许多的列式数据库(如 SAP HANA, Google PowerDrill)只能在内存中工作，这种方式会造成比实际更多的设备预算。ClickHouse被设计用于工作在传统磁盘上的系统，它提供每GB更低的存储成本，但如果可以使用SSD和内存，它也会合理的利用这些资源。

ClickHouse还支持数据压缩、多核心并行处理、多服务器分布式处理等。在ClickHouse中，数据可以保存在不同的shard上，每一个shard都由一组用于容错的replica组成，查询可以并行地在所有shard上进行处理。ClickHouse支持一种基于SQL的声明式查询语言，它在许多情况下与ANSI SQL标准相同。支持的查询GROUP BY, ORDER BY, FROM, JOIN, IN以及非相关子查询，相关(依赖性)子查询和窗口函数暂不受支持。
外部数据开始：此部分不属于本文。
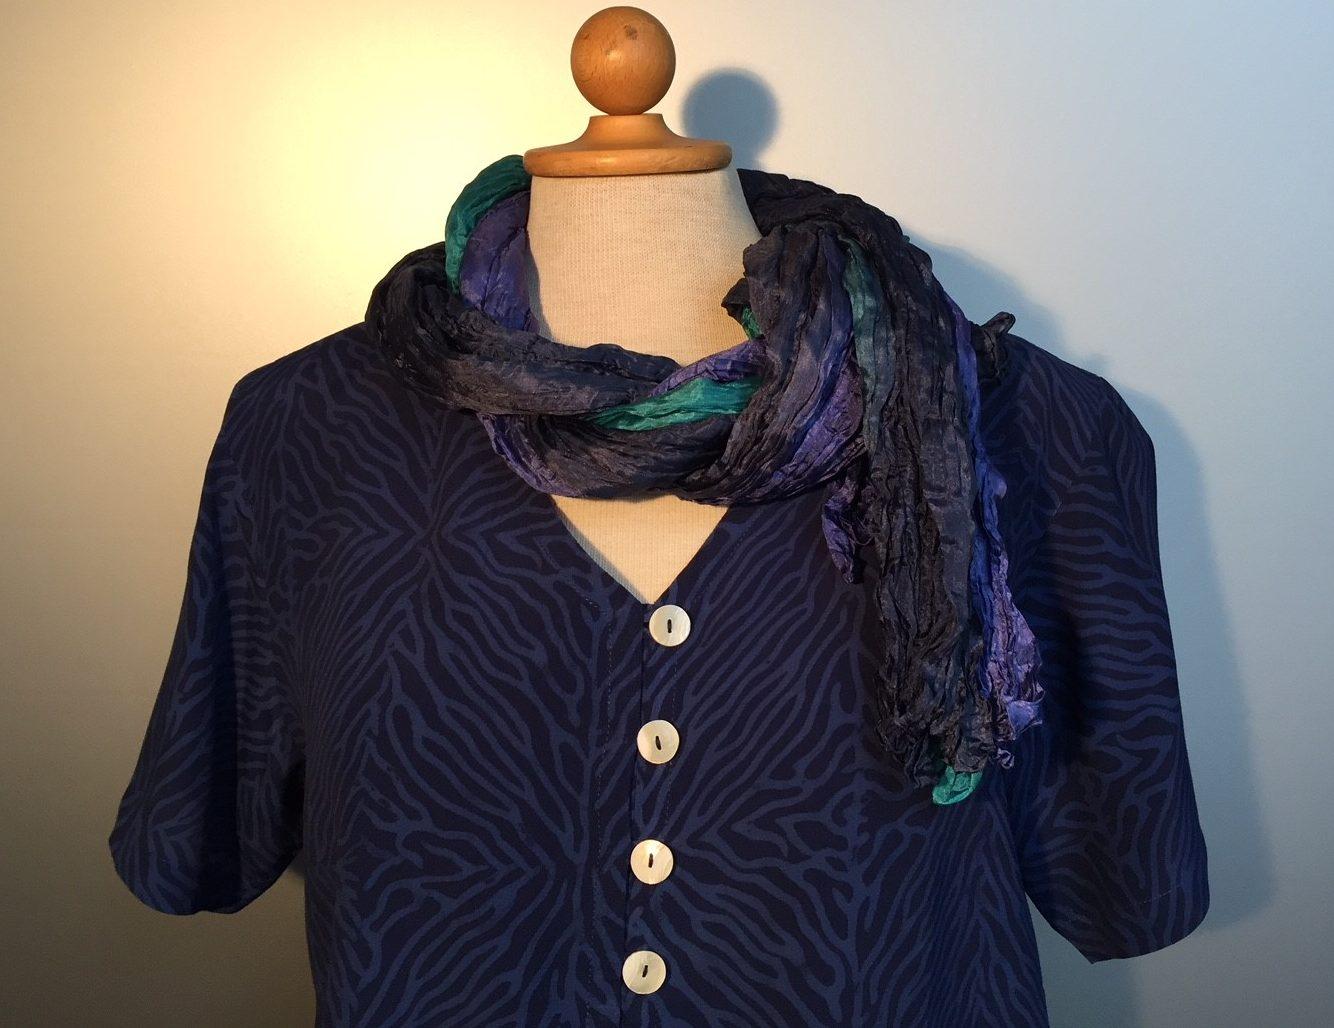 Batik bluse130 - Zebra mørkeblå, Store størrelser, kort bluse, knapper, perlemors knapper, kort ærme, øko, bæredygtigt, bio, holdbar, batik, batikfarvet, batiktryk, håndlavet, unik, unika, unikat, biti, ribe, kulørt, farver, lækker, åndbar, skjorte, skjortebluse, skjortejakke, figur, figursyet, timeglas, feminin, dame, pige, kvinder, specielt, kunsthåndværk, kunstnerisk, mørkeblå, marineblå, navy, navyblå, midnatsblå, blå, dyb blå

ClickHouse支持在表中定义主键，按照主键对数据进行排序，这将帮助ClickHouse在几十毫秒以内完成对数据特定值或范围的查找。为了使查询能够快速在主键中进行范围查找，数据总是以增量的方式有序的存储在MergeTree中。因此，数据可以持续不断地高效的写入到表中，并且写入的过程中不会存在任何加锁的行为。

ClickHouse提供各种各样在允许牺牲数据精度的情况下对查询进行加速的方法：

用于近似计算的各类聚合函数，如：distinct values, medians, quantiles
基于数据的部分样本进行近似查询。这时，仅会从磁盘检索少部分比例的数据。
不使用全部的聚合条件，通过随机选择有限个数据聚合条件进行聚合。这在数据聚合条件满足某些分布条件下，在提供相当准确的聚合结果的同时降低了计算资源的使用。

ClickHouse支持自定义JOIN多个表，它更倾向于散列连接算法，如果有多个大表，则使用合并-连接算法

ClickHouse使用异步的多主复制技术。当数据被写入任何一个可用副本后，系统会在后台将数据分发给其他副本，以保证系统在不同副本上保持相同的数据。在大多数情况下ClickHouse能在故障后自动恢复，在一些少数的复杂情况下需要手动恢复。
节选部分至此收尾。